The voices of Tax Policy Center's researchers and staff
In his upcoming budget, President Obama will propose to strip away the “loopholes” that permit wealthy individuals to accumulate large amounts in tax-favored retirement plans. He would prohibit a taxpayer from contributing any more to IRAs or other qualified retirement plans once his or her accounts reach a combined value of $3.4 million.
For sure, $3.4 million is a lot of retirement savings. But many high-income workers can get there thanks to Congress’ repeated, explicit, and ongoing generosity, not because they exploit some obscure loopholes.
Currently taxpayers can participate in a wide array of generous arrangements authorized expressly by Congress (presumably with full understanding of the consequences). And, in recent years, Congress aggressively expanded both individual and employer-sponsored retirement plans—often permitting participation without income limits.
An individual taxpayer now can contribute annually up to $5,500 to an IRA (increased from $2,000 in 2000) and, with contributions from his or her employer, up to $53,000 to an employer-sponsored plan (increased from $30,000 in 2000).
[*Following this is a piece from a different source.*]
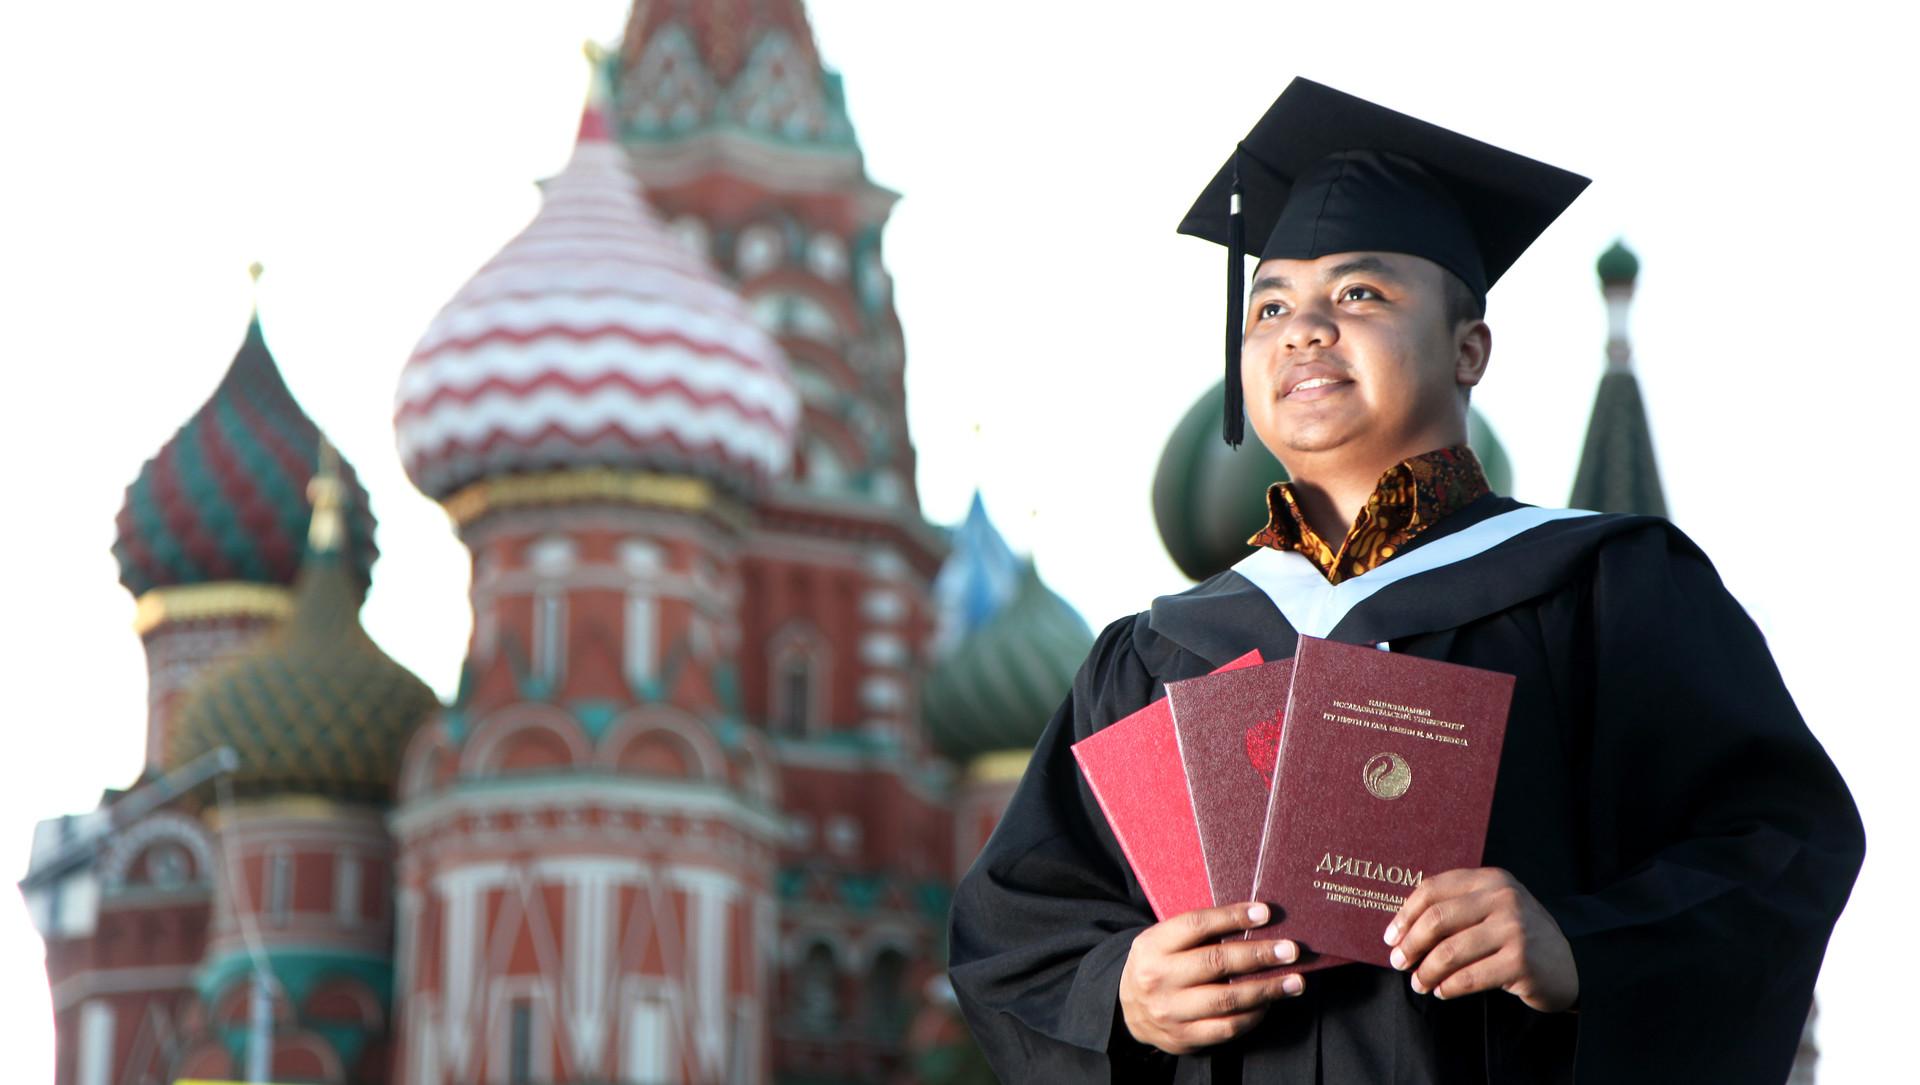 Muhammad Iksan Kiat, mahasiswa Indonesia pertama yang meraih tiga ijazah merah (lulus dengan predikat cum laude) di Rusia.

Additionally, taxpayers age 50 or older may contribute an extra $1,000 to an IRA and $6,000 to an employer plan each year to “catch up” on their retirement savings. Finally, an employer may also contribute to an employee’s defined-benefit plan—and these contributions often exceed $50,000 annually (the limit turns on actuarial calculations). In sum, we now have traditional IRAs, Roth IRAs, SEP IRAs, SIMPLE IRAs, 401(k)s, 403(b)s, 457(b)s, and a range of other employer-sponsored plans (both defined-contribution and defined-benefit plans).
By making maximum contributions and investing well, some taxpayers will hit the $3.4 million cap. To illustrate, a taxpayer (or his employer) who contributes a total of $100,000 a year to an IRA, a defined-contribution, and a defined-benefit plan, and earns 10 percent annually, will reach the cap within 20 years (assuming the taxpayer, eventually, rolls over the contributions an IRA). The Government Accountability Office (GAO) estimated that more than 45,000 taxpayers now have IRAs worth more than $3 million, without counting amounts still in employer-sponsored plans.
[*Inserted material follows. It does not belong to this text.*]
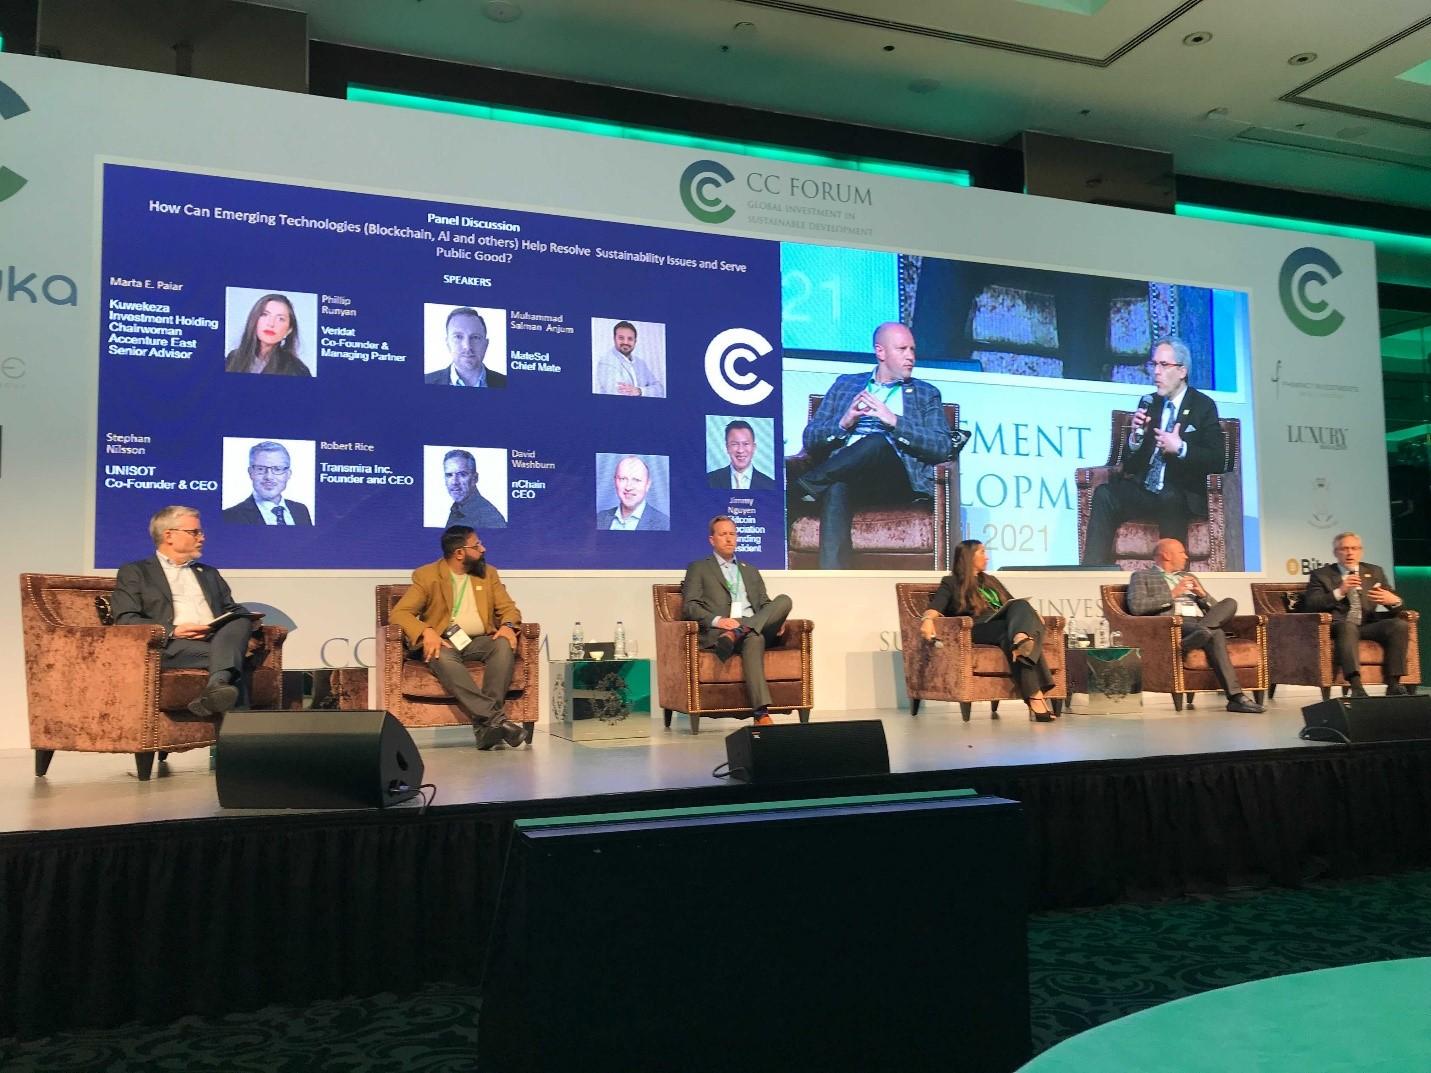 Speakers of Bitcoin SV at CC Forum in Dubai

GAO speculated that many taxpayers contributed property that was initially valued at nothing but later worth a great deal. However, GAO could not quantify how many taxpayers did this (and GAO failed to consider the impact of rollovers to the IRAs from both defined contribution and benefit plans).
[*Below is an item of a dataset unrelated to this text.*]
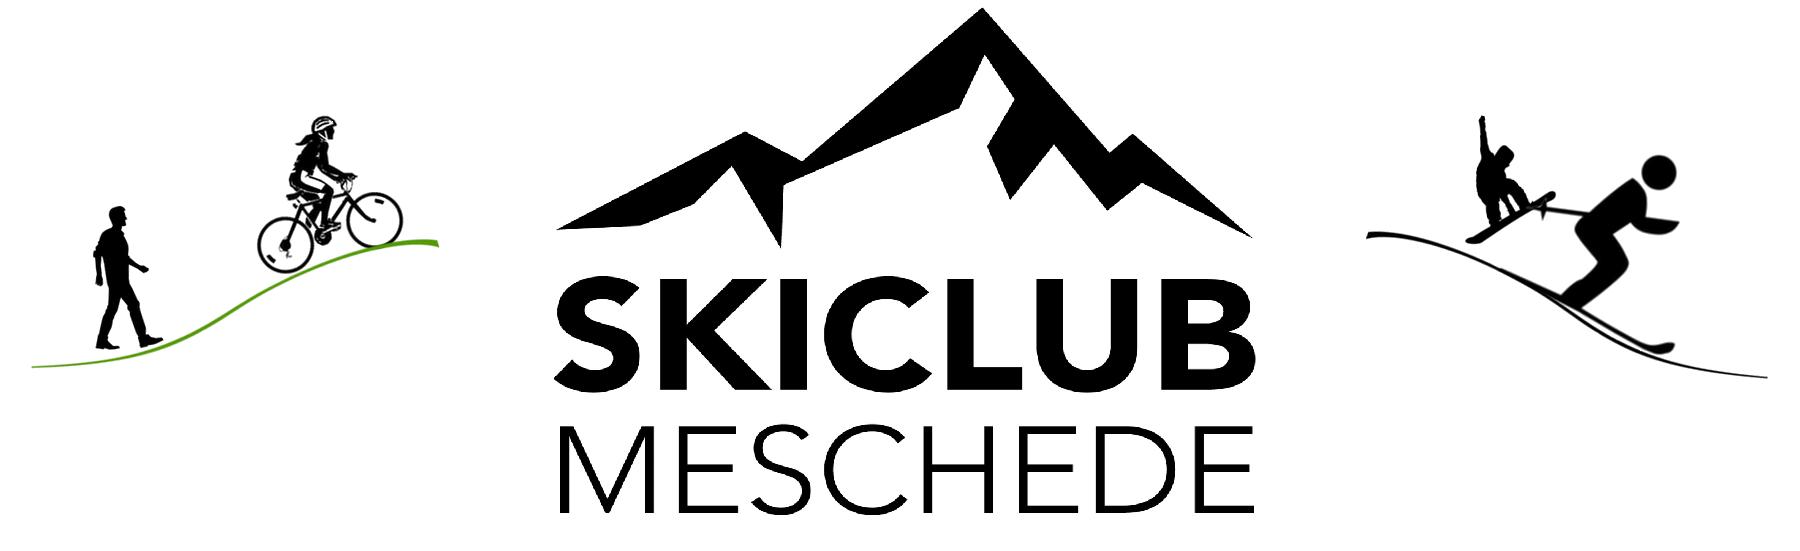 Skiclub Meschede e.V.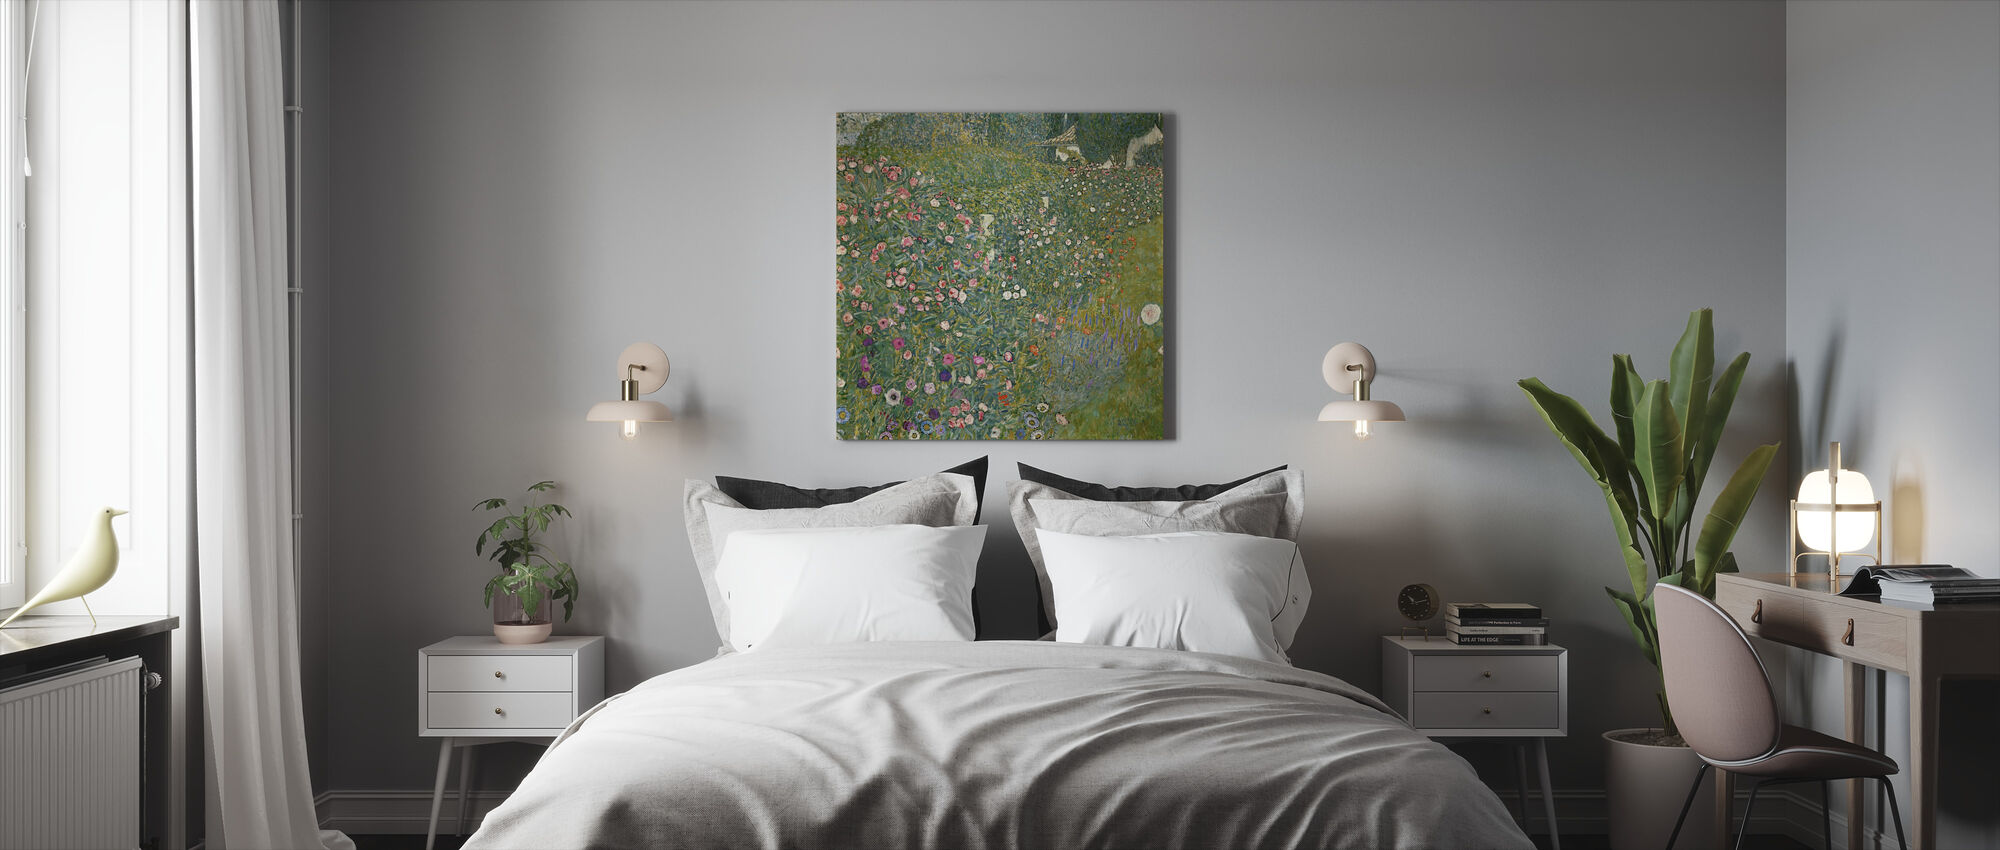 Klimt, Gustav - Italiensk have landskab - Billede på lærred - Soveværelse

Stuffing an IRA with property that is valued at nothing is an egregious attempt to exploit a real loophole. GAO noted that some taxpayers contribute founder’s stock or carried interest to their IRAs—which can create massive values later (remember Mitt Romney’s disclosure of his $102 million IRA in the last Presidential race?). GAO estimated that about 300 taxpayers had IRAs in excess of $25 million, which presumably could only be accomplished by stuffing the accounts with property that was valued suspiciously.
Congress could end these games by permitting contributions of only cash and publicly-traded securities. Or the IRS could audit more aggressively the valuation of property that is contributed to an IRA.
Finally, if Congress really wants to reverse the direction of recent retirement policy, it could lower the contribution limits for retirement plans, reduce the array of retirement choices, impose tighter income limits on contributors, and end bequests of IRAs. Obama correctly highlighted the ability of some taxpayers to accumulate large amounts of retirement savings—but labeling large IRAs and retirement plans “loopholes” mischaracterizes Congress’ generosity (or profligacy).